What you will do:
Every line from the one holding "TRESemme Expert Selection" through the one holding "Floor Number signs" in the data below must be returned exactly, both ends included, with pictures left out and nothing else added.

Source material:
========================================================================
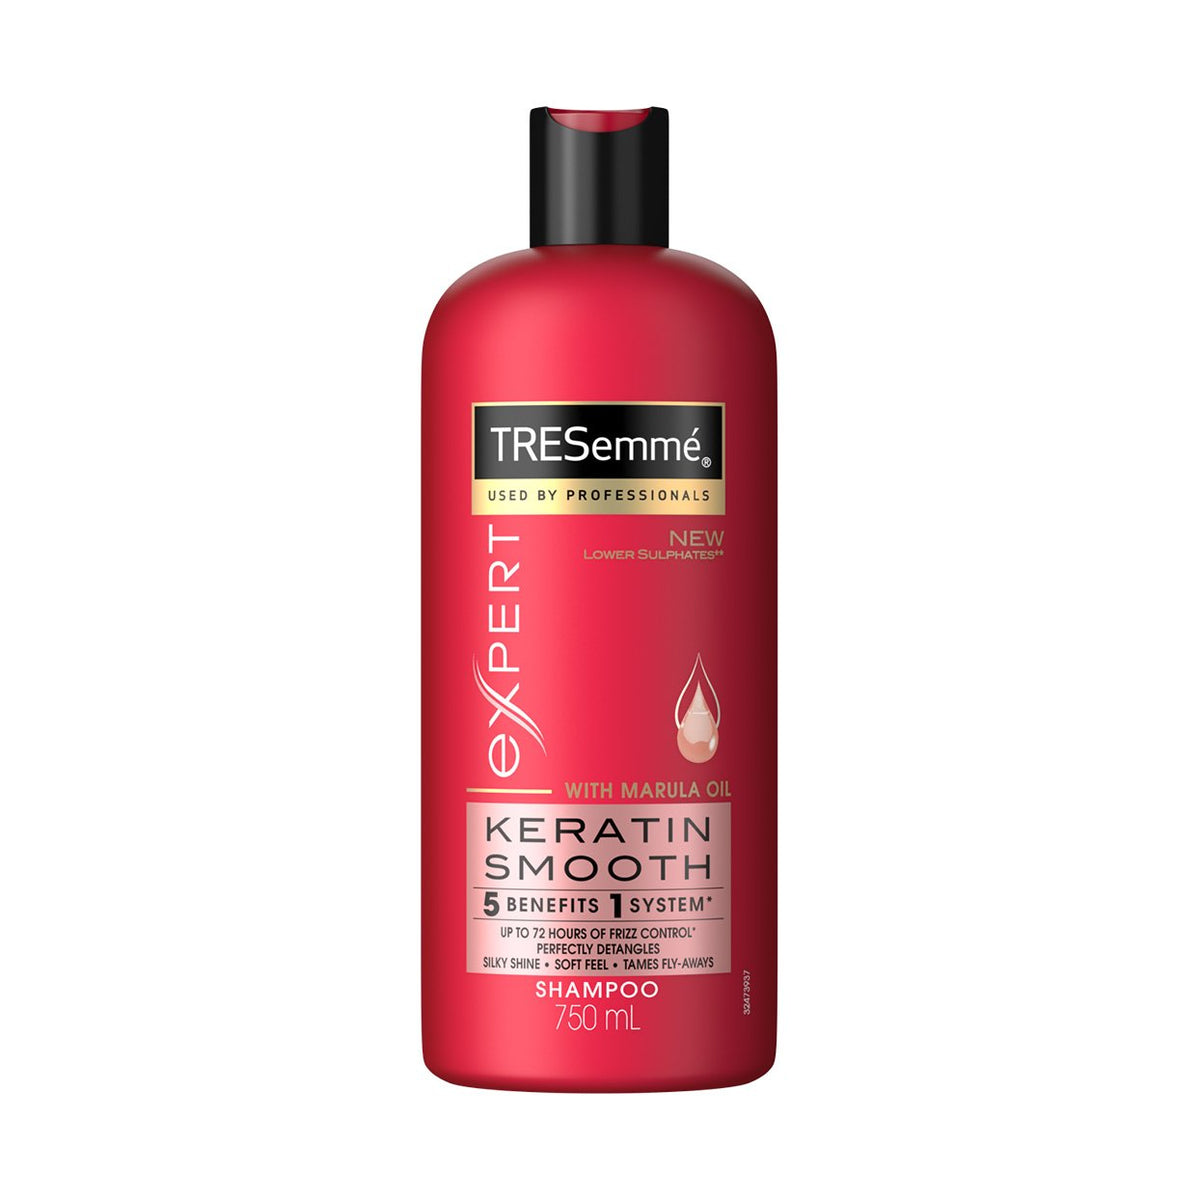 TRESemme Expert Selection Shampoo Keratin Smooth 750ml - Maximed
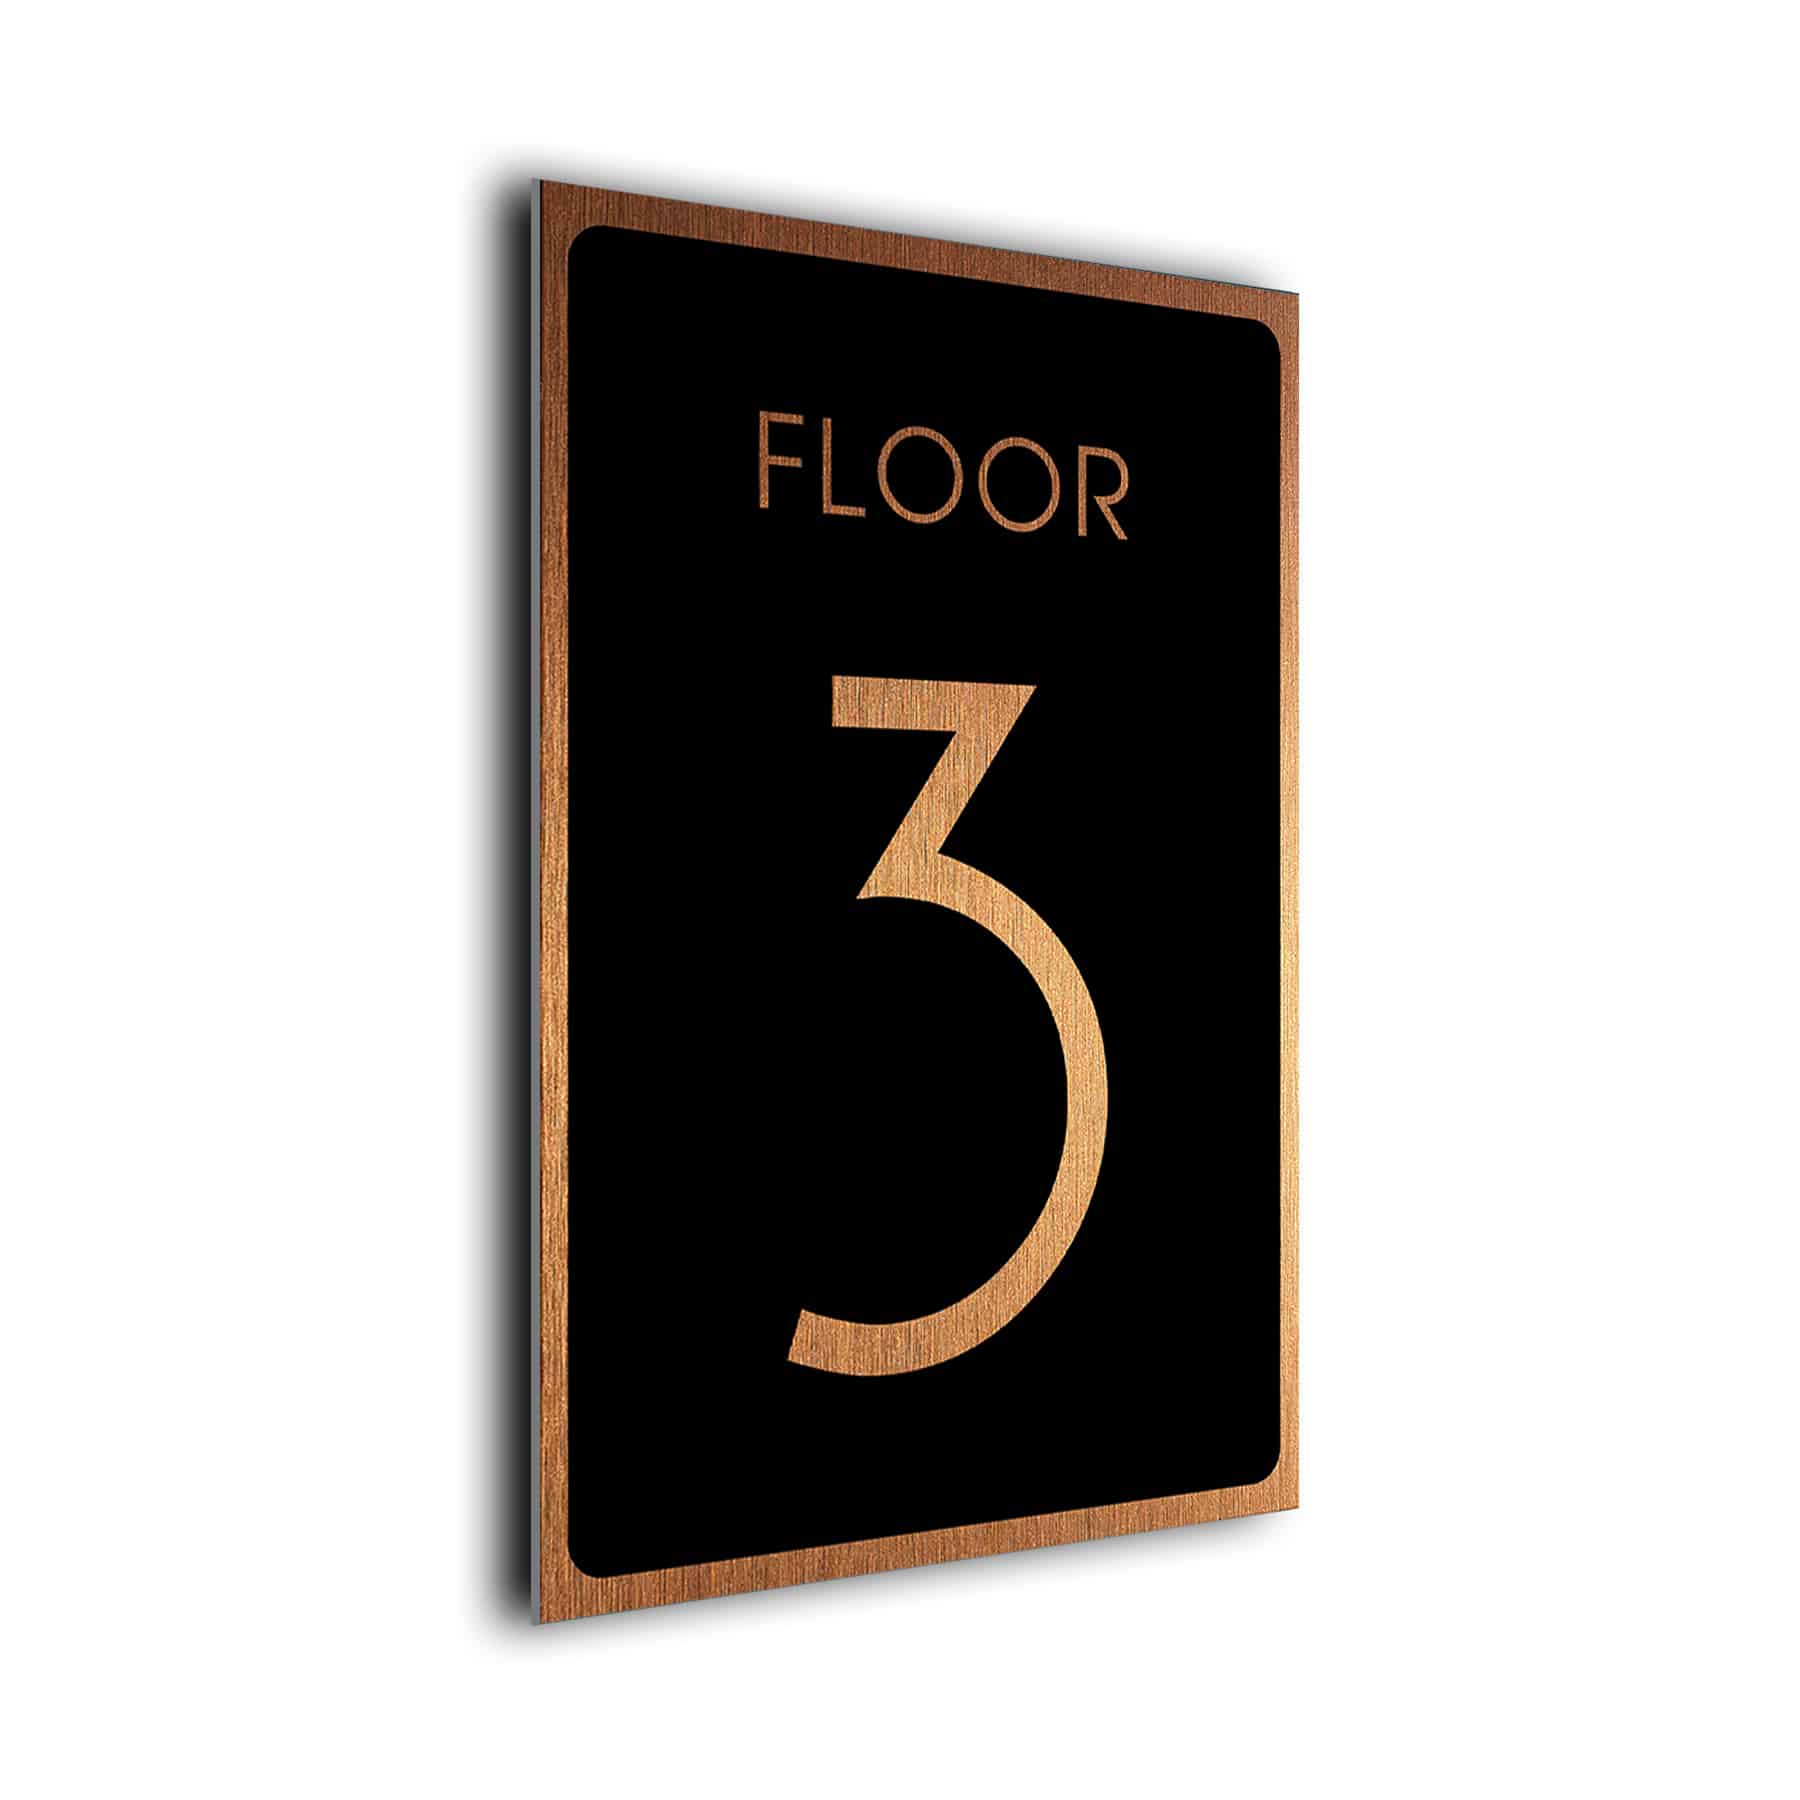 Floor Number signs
========================================================================
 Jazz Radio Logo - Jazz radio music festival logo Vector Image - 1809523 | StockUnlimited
========================================================================
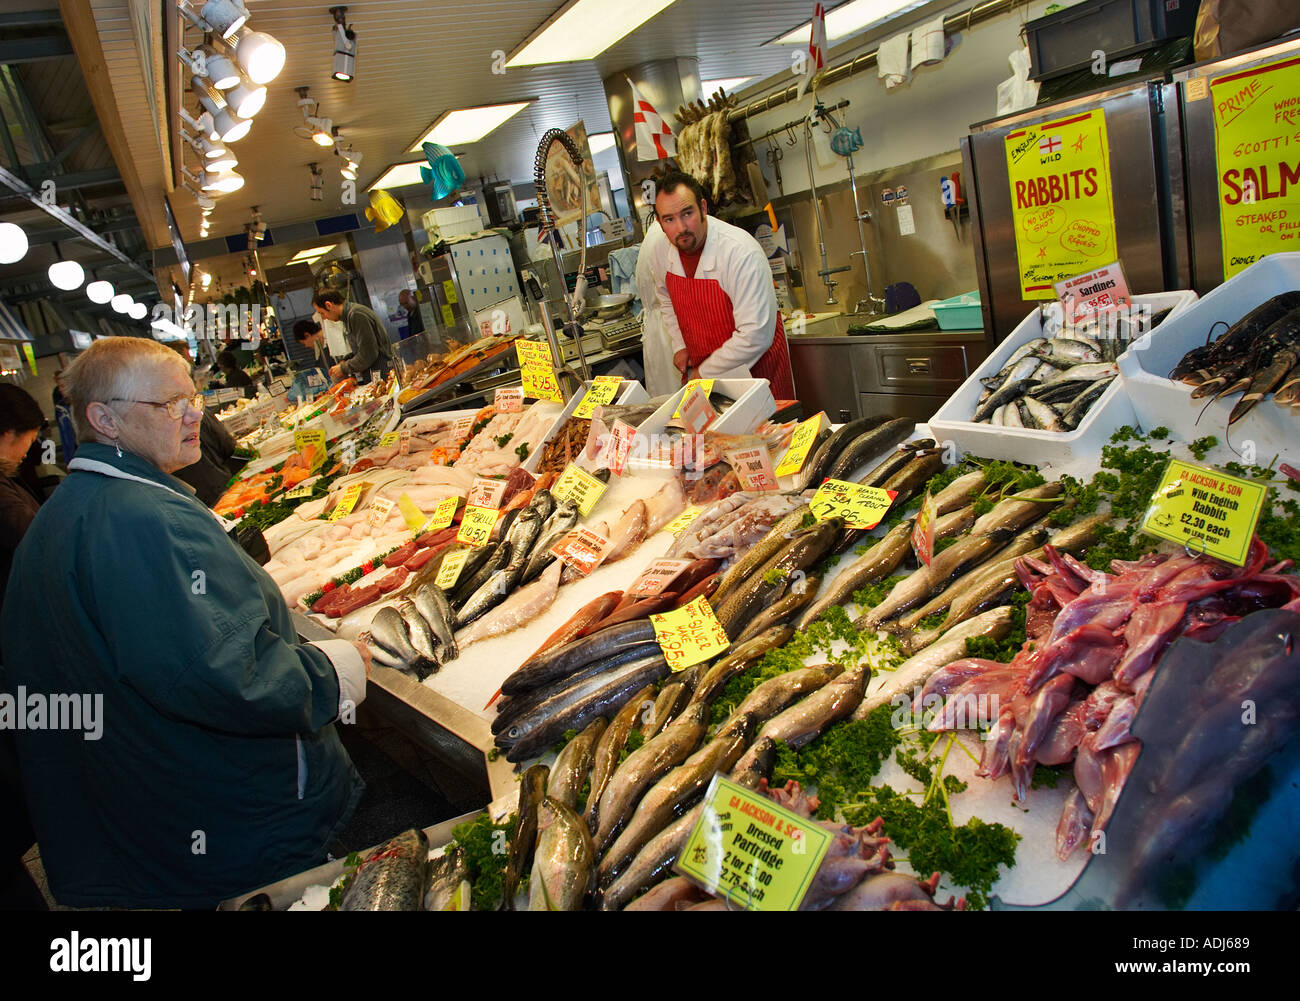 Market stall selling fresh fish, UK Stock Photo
========================================================================
The completed task:
 TRESemme Expert Selection Shampoo Keratin Smooth 750ml - Maximed
 Floor Number signs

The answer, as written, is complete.